▶ [Activity] Where the line containing "16959 - Военное" appears, begin retyping; continue exactly through the final line of the data. Omit every picture.

▶ [Supplied data]
##############################
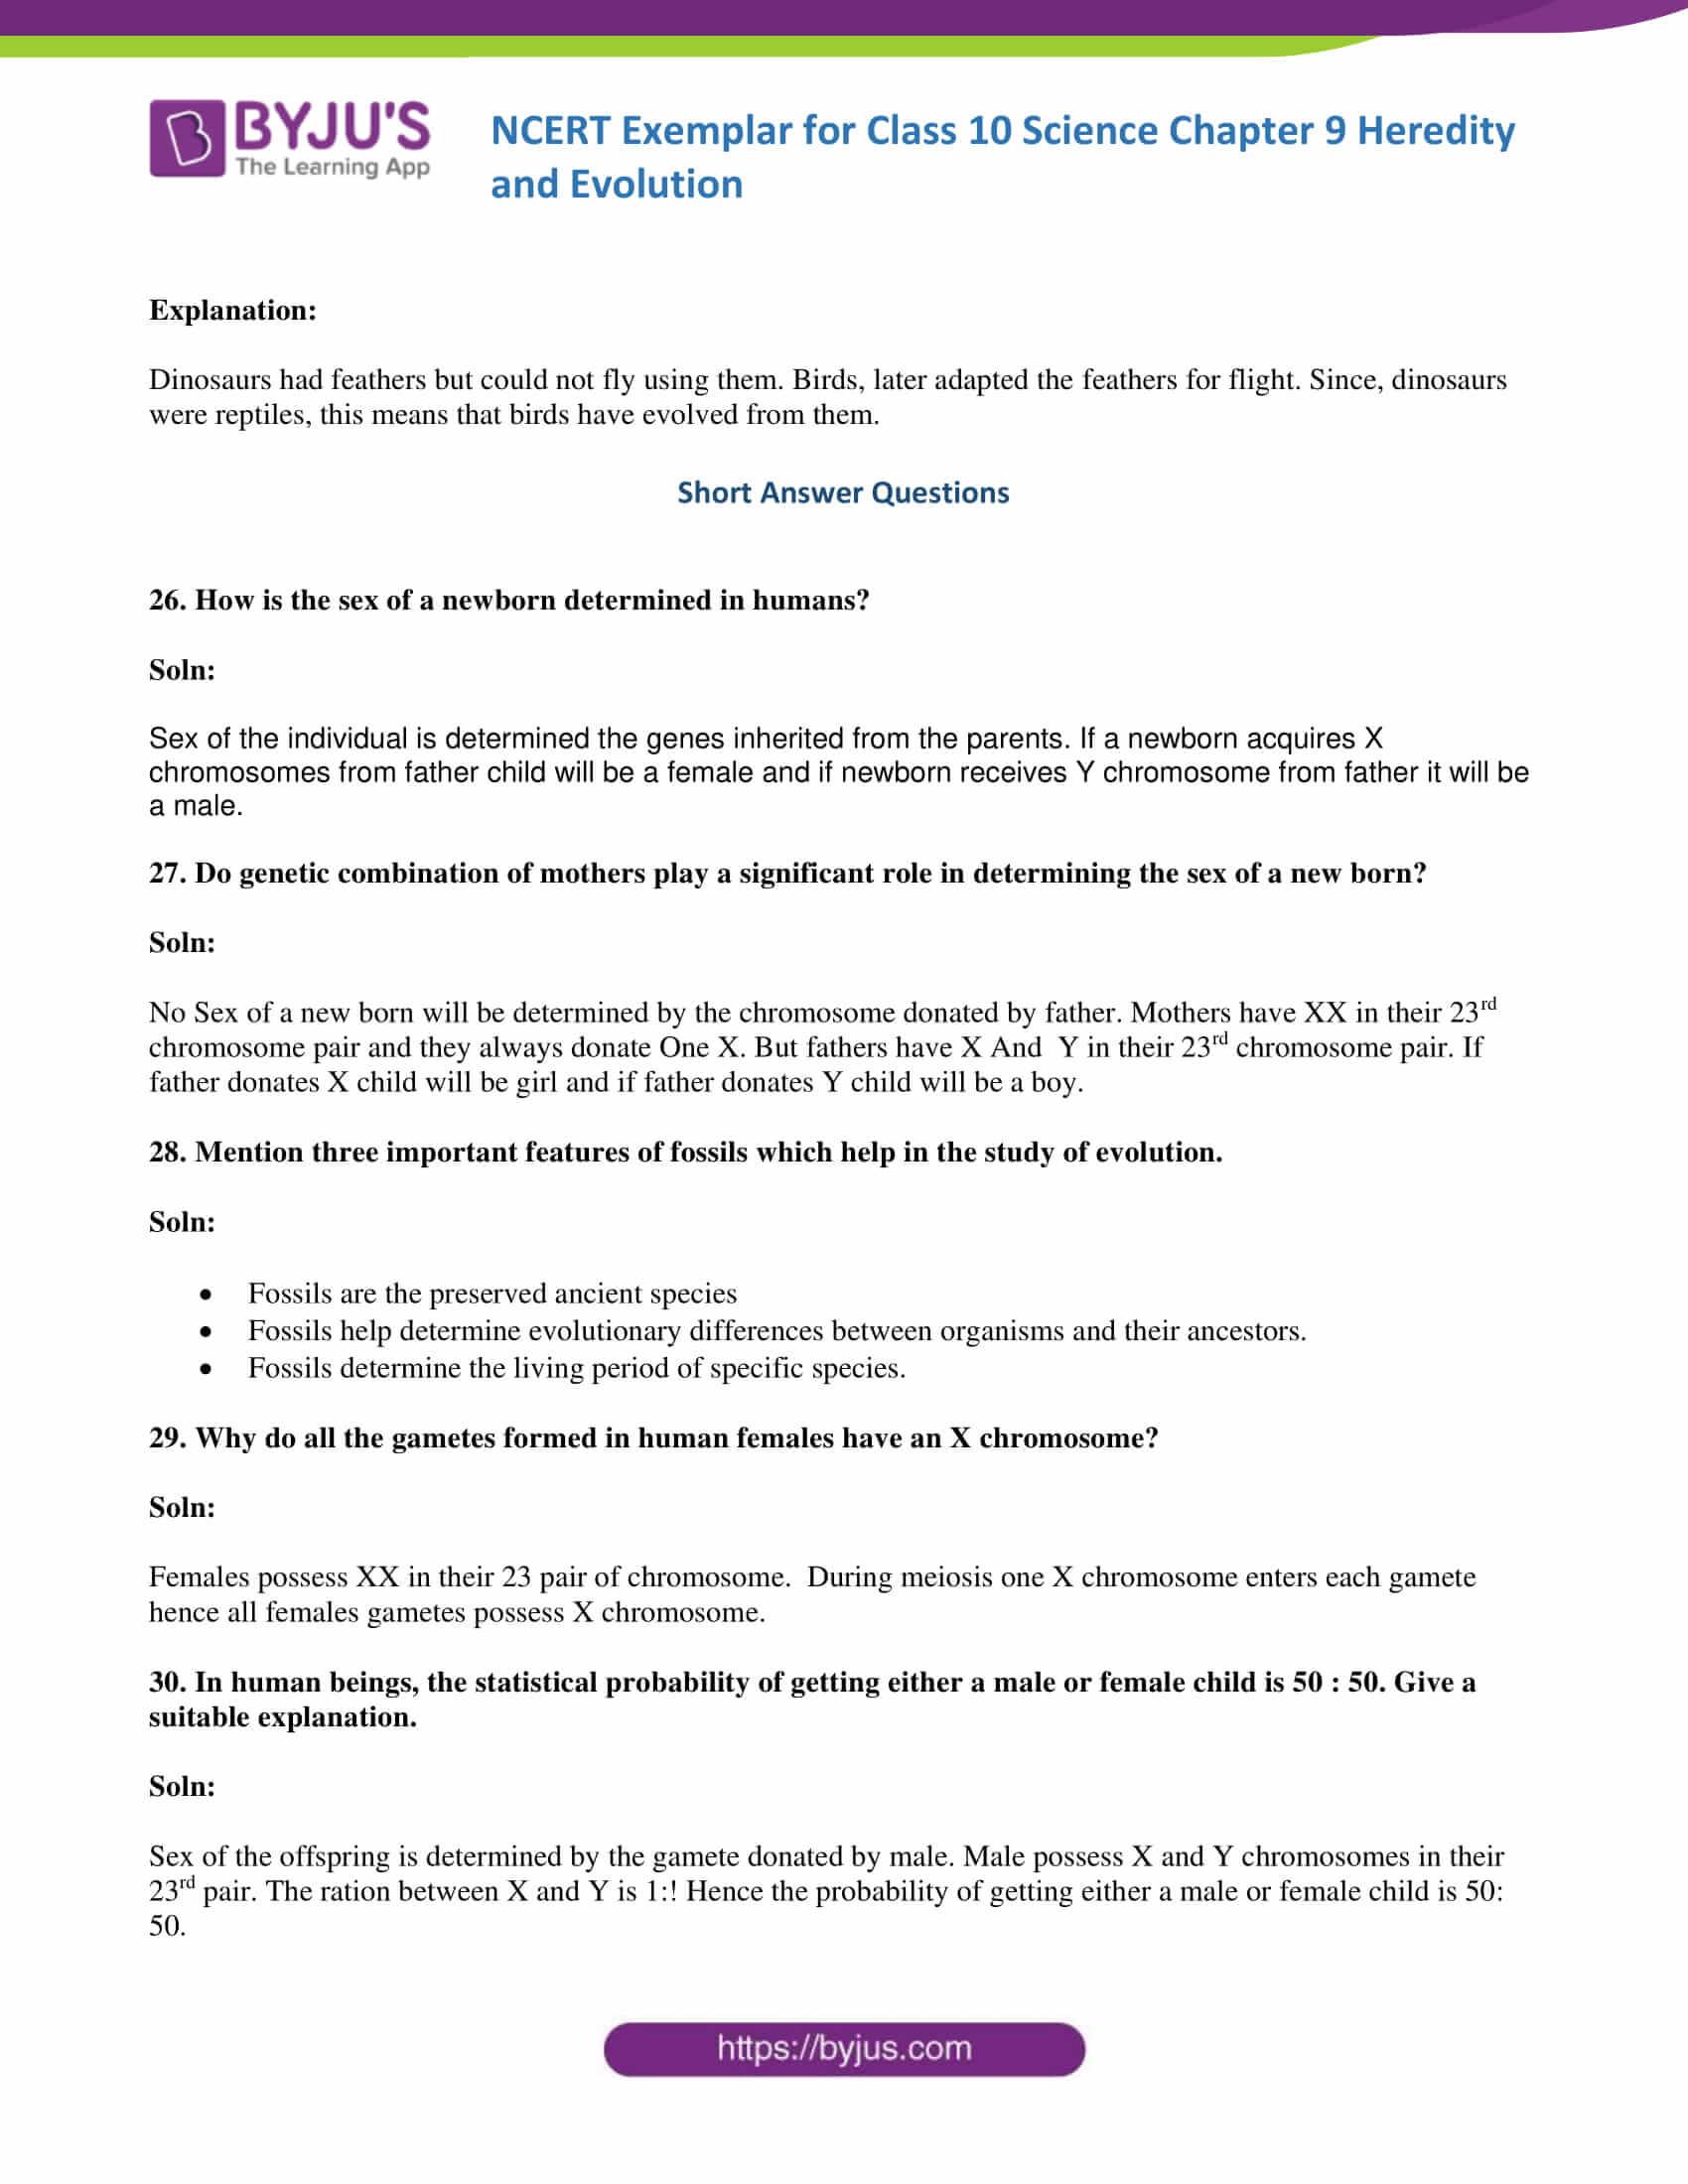 NCERT Exemplar solution class 10 science Chapter 9 part 10
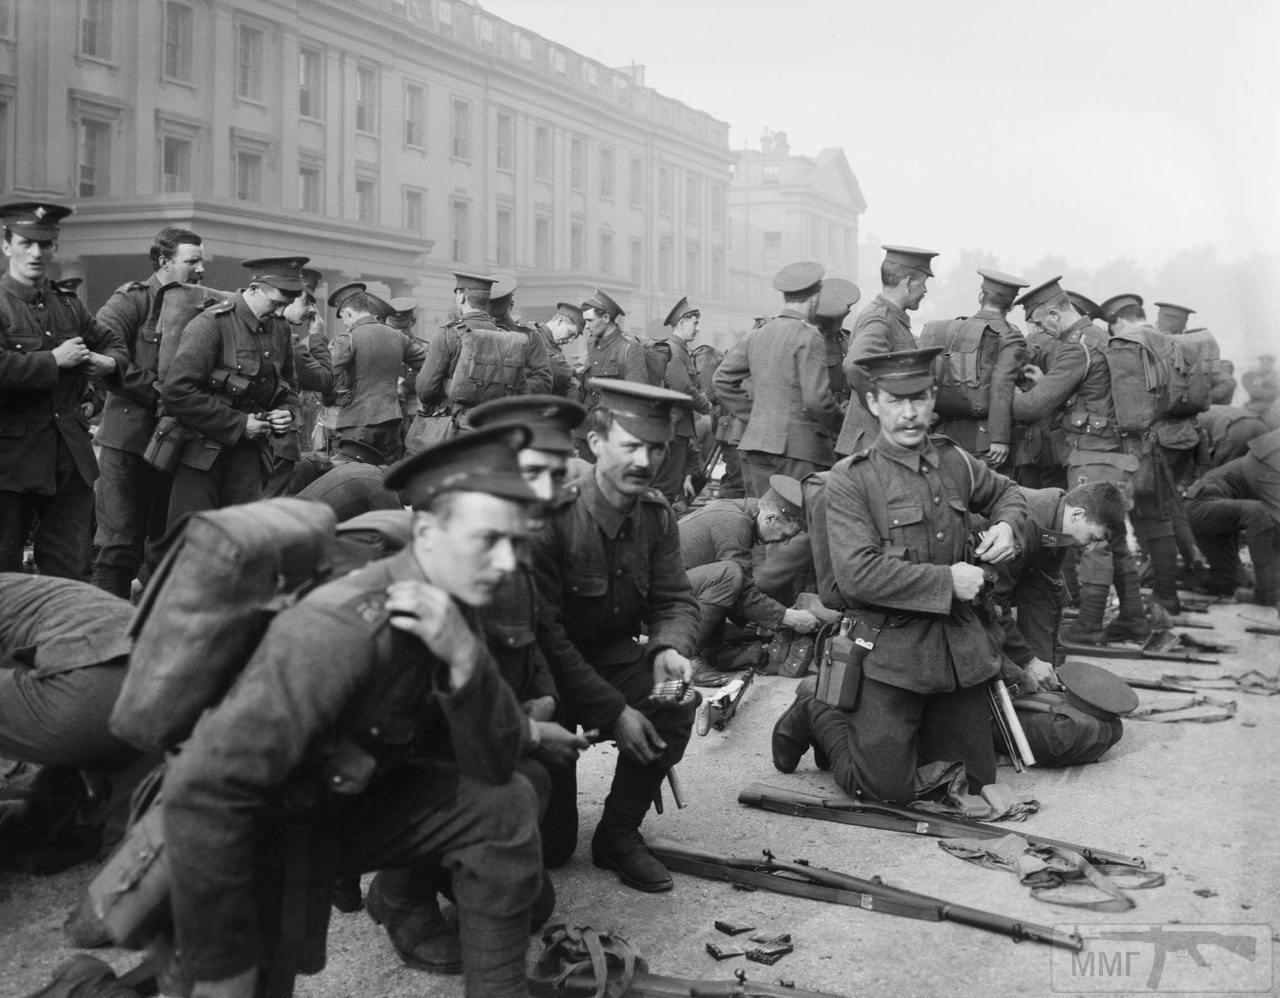 16959 - Военное фото. Западный фронт. 1914-1918г.г.
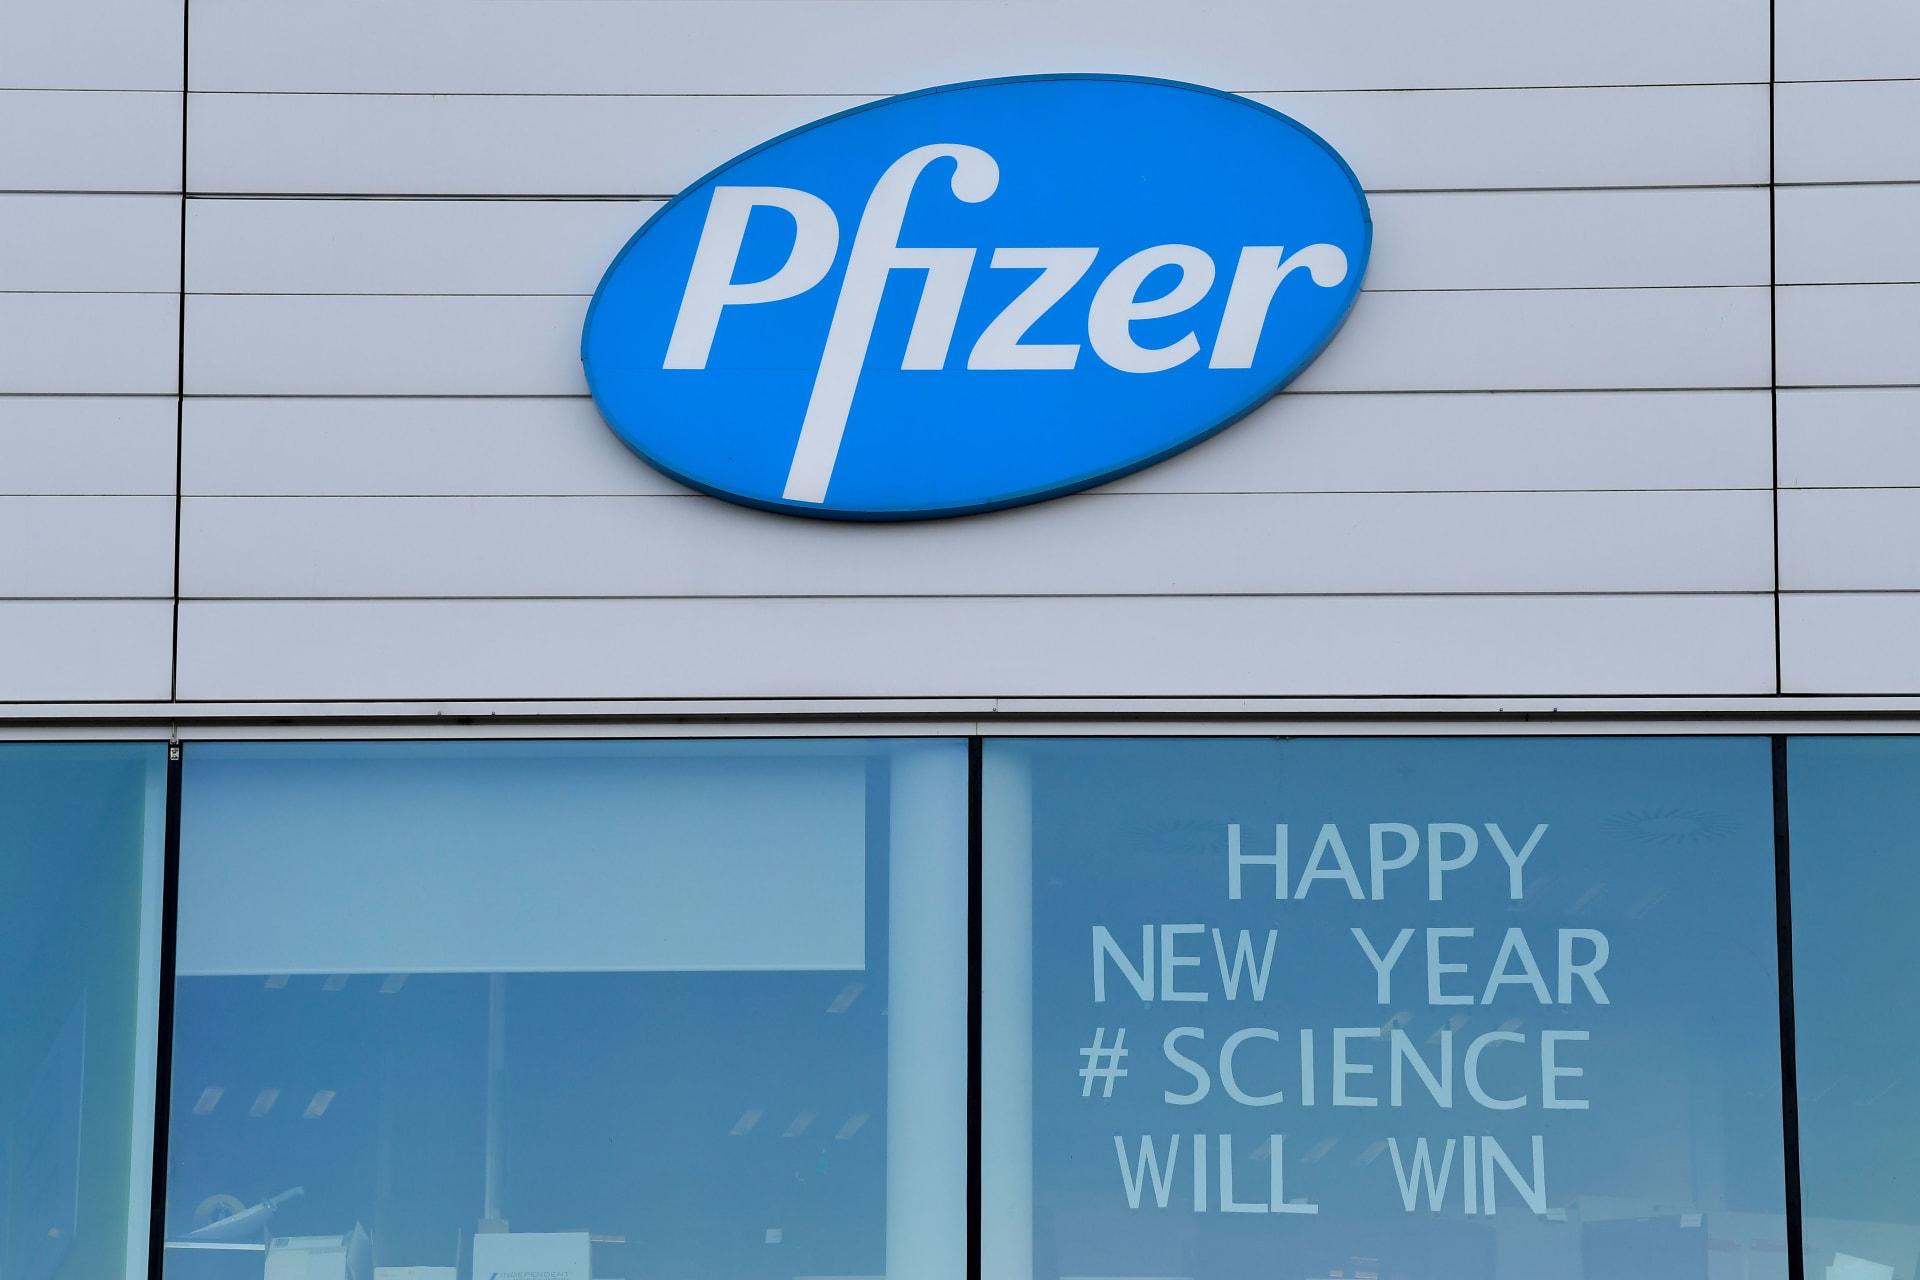 منظمة الصحة العالمية تمنح موافقة الاستخدام الطارئ لقاح فايزر - بيونتيك
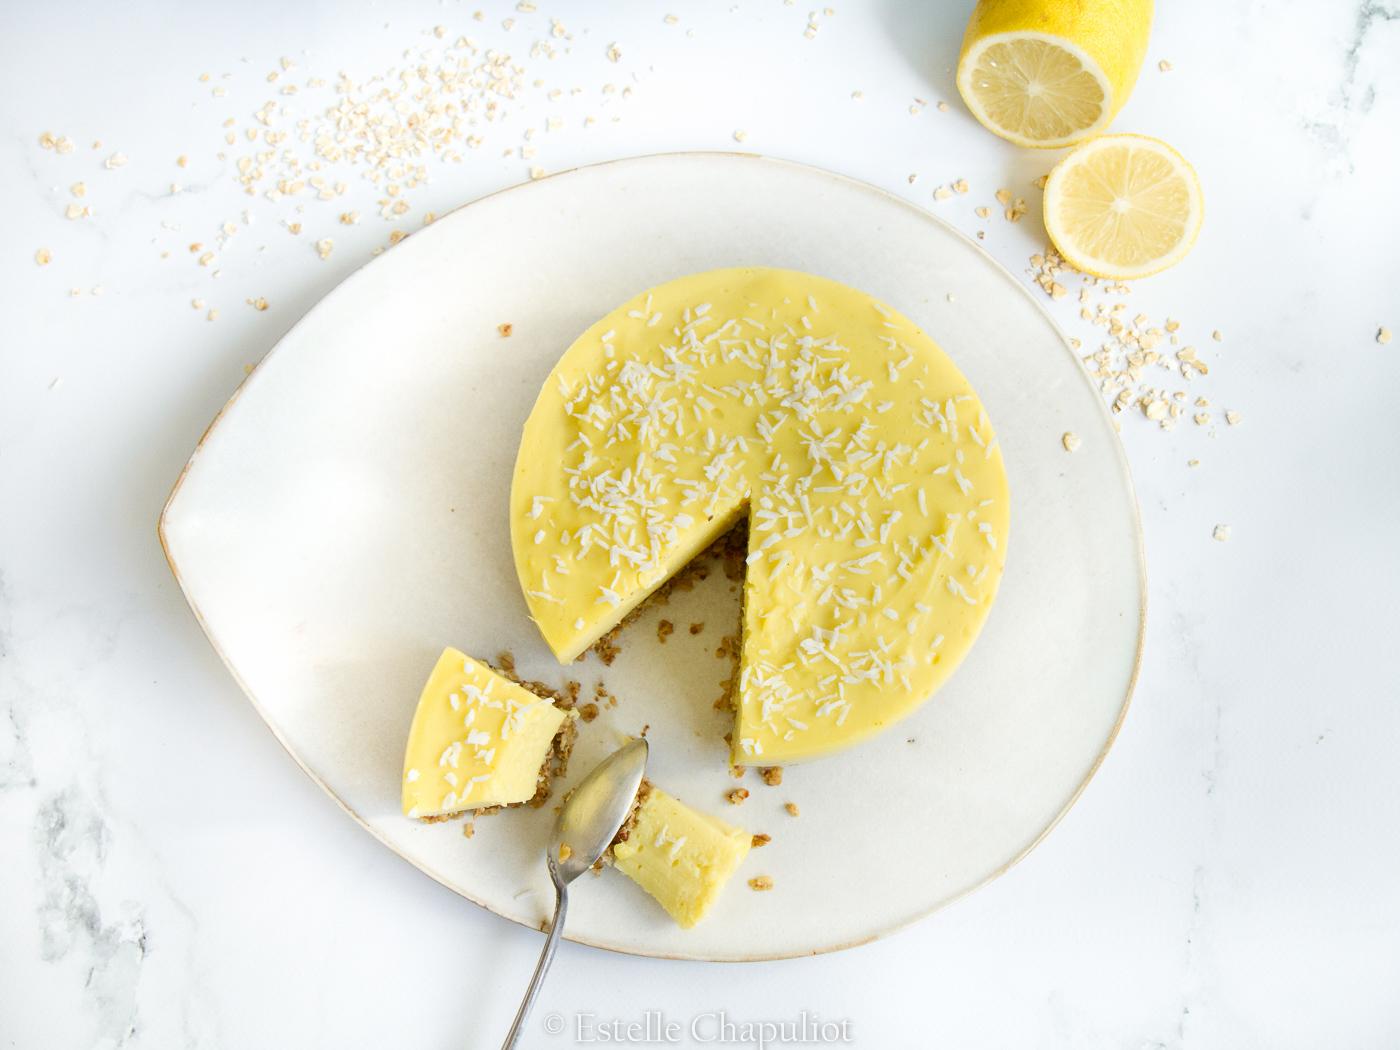 Entremet au citron végétal : crème au citron et base aux flocons d'avoine
##############################
▶ [Response]
 16959 - Военное фото. Западный фронт. 1914-1918г.г.
 منظمة الصحة العالمية تمنح موافقة الاستخدام الطارئ لقاح فايزر - بيونتيك
 Entremet au citron végétal : crème au citron et base aux flocons d'avoine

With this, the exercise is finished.